Saturday, 26 March 2022

Poul Anderson's Pasts And Futures

By Poul Anderson's "Past," I mean his many works of:

heroic fantasy
historical fantasy
historical fiction
historical fiction with fantasy elements
historical science fiction
 
This is such a broad spectrum, extending from the mythical past to concretely realized historical periods with or without sf elements, that it really splits into two or three distinct groups united only by the past as opposed to the present or the future.
 
Anderson's many fictional futures include:
 
his two major future history series, both accepting the sf cliche of "hyperspace" but doing something interesting with it;
 
his shorter future history series, mainly Kith and Rustum, which assume slower than light interstellar travel. 

My main current point is that, when I am rereading any one part of Anderson's vast Past and Future canon, I am reluctant to leave it and to return to any of the others.

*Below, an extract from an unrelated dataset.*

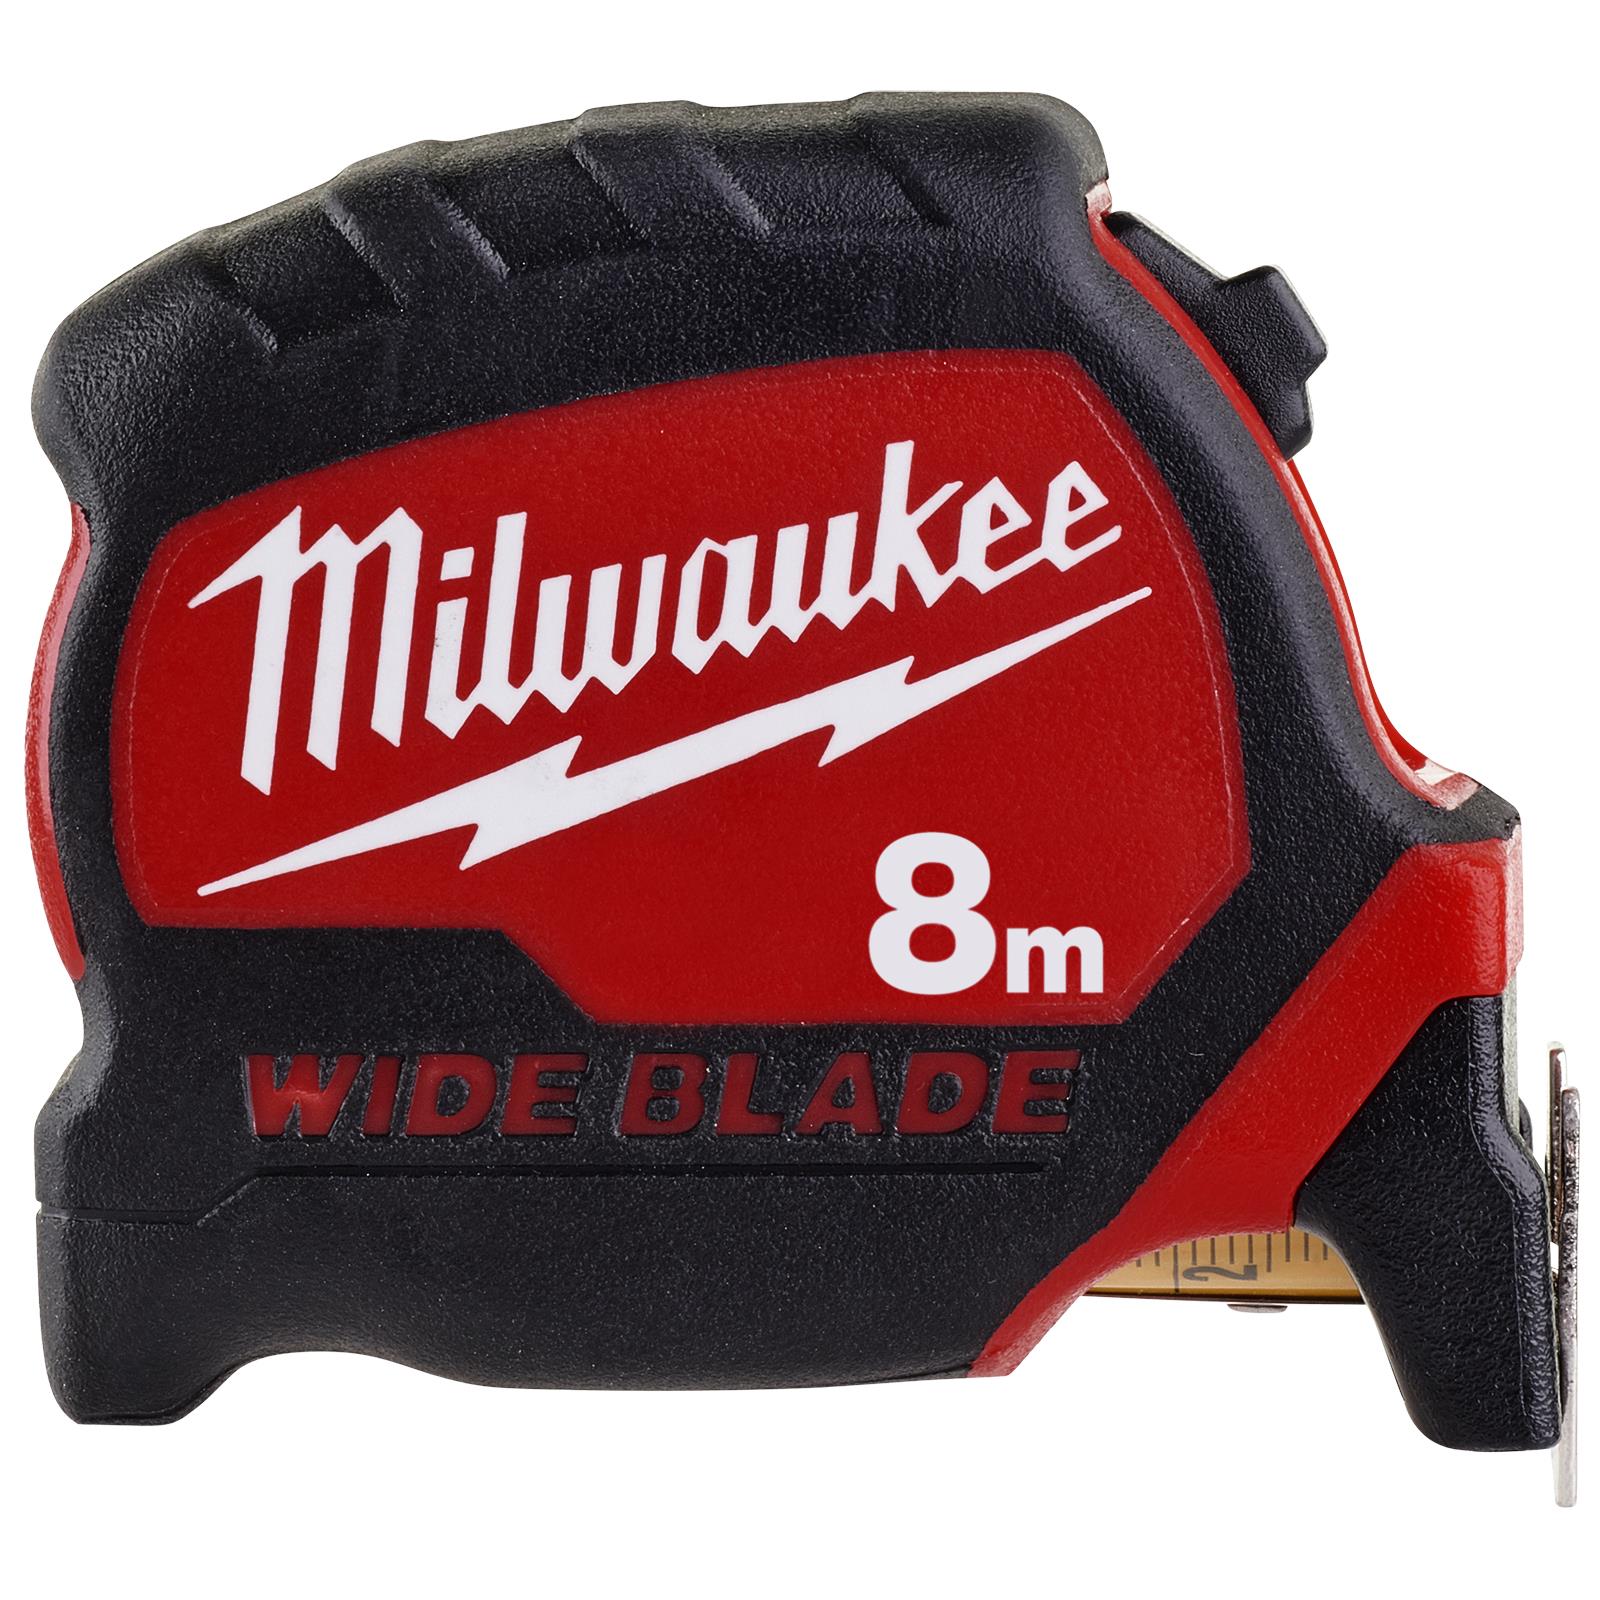 Milwaukee Tape Measure 8m Premium Wide Blade 33mm Metric

Recently, we have been inside the rather diffuse "Directory" slower than light scenario but it becomes necessary to move on.

9 comments:

Sean M. Brooks said...

Kaor, Paul!

I'm not sure how clearly you can differ "historical fantasy" from "historical fiction with fantasy elements." I thought of Anderson's THE KING OF YS and MOTHER OF KINGS as examples of works being mostly straight historical fiction with some elements of fantasy mixed in. And as a contrast both THE GOLDEN SLAVE and ROGUE SWORD is pure historical fiction. As is THE LAST VIKING.

Maybe THE MERMAN'S CHILDREN is an example of what you mean by "historical fantasy"?

Ad astra! Sean

paulshackley2017@gmail.com said...

Sean,

It is. It was you that described YS as historical fiction with elements f fantasy.

Paul.

S.M. Stirling said...

One of the problems with writing historical fiction -without- fantasy elements is that it really doesn't get at the psychological foundations of the characters.

If you take a "naturalistic" approach, you're going to find it difficult to look through eyes of people who, for example, believed implicitly -- without ever questioning it -- in things like divine intervention, supernaturally directed luck, witchcraft, and so forth.

As Lewis (shrewdly) points out, a medieval European looking up at the night sky didn't see what we see in any real sense.

We see distant suns in infinite space.

He saw lights in crystal spheres pushed by angels. If he was an educated man, he knew that the world was a few thousand years old and the Earth was a sphere... at the center of it.

paulshackley2017@gmail.com said...

In James Blish's single historical novel, DOCTOR MIRABILIS, an educated Englishman "knows" that a comet is not a portent of evil but just a vaporous disturbance in the upper atmosphere.

Sean M. Brooks said...

Kaor, Paul and Mr. Stirling!

Paul: Yes, I was the one who suggested regarding THE KING OF YS as historical fiction with some elements of fantasy mixed in.

Mr. Stirling: I think, in THE GOLDEN SLAVE and ROGUE SWORD, Anderson did a better job than most historical fiction writers have done getting into the minds of how people in the past thought and believed.

I would also argue that educated people in the past had known, since Eratosthenes, of both the size and shape of the Earth. In fact, the Spanish critics of Columbus' plans for sailing west to India and China protested he was underestimating the distances involved.

For a time, esp. during the reign of Alfonso X of Castile, Spain was at the forefront of medieval astronomy, producing such things as the Alfonsine Tables.

On clear nights, when I look at the stars I know they are distant suns, and I wonder who and what is out there. Maybe the Webb telescope will finally give us information along those lines!

Ad astra! Sean

S.M. Stirling said...

Sean: yes, they knew the Earth was a sphere; but they also thought that it was at the center of the universe, and that the universe wasn't much bigger than the Earth-Moon system.

Sean M. Brooks said...

Kaor, Mr. Stirling!

I agree, meaning the astronomy of Claudius Ptolemy. As more and more observations were made, it became harder to fit them into Ptolemaic astronomy. Hence the work of Copernicus was important in providing a simpler framework. A framework vindicated by later astronomers.

Ad astra! Sean

S.M. Stirling said...

Sean: yes, that was the early part of the Scientific Revolution.

Sean M. Brooks said...

Kaor, Mr. Stirling!

Which reminds me of what Anderson believed was necessary for a true science to arise, in IS THERE LIFE ON OTHER WORLDS? and "Delenda Est."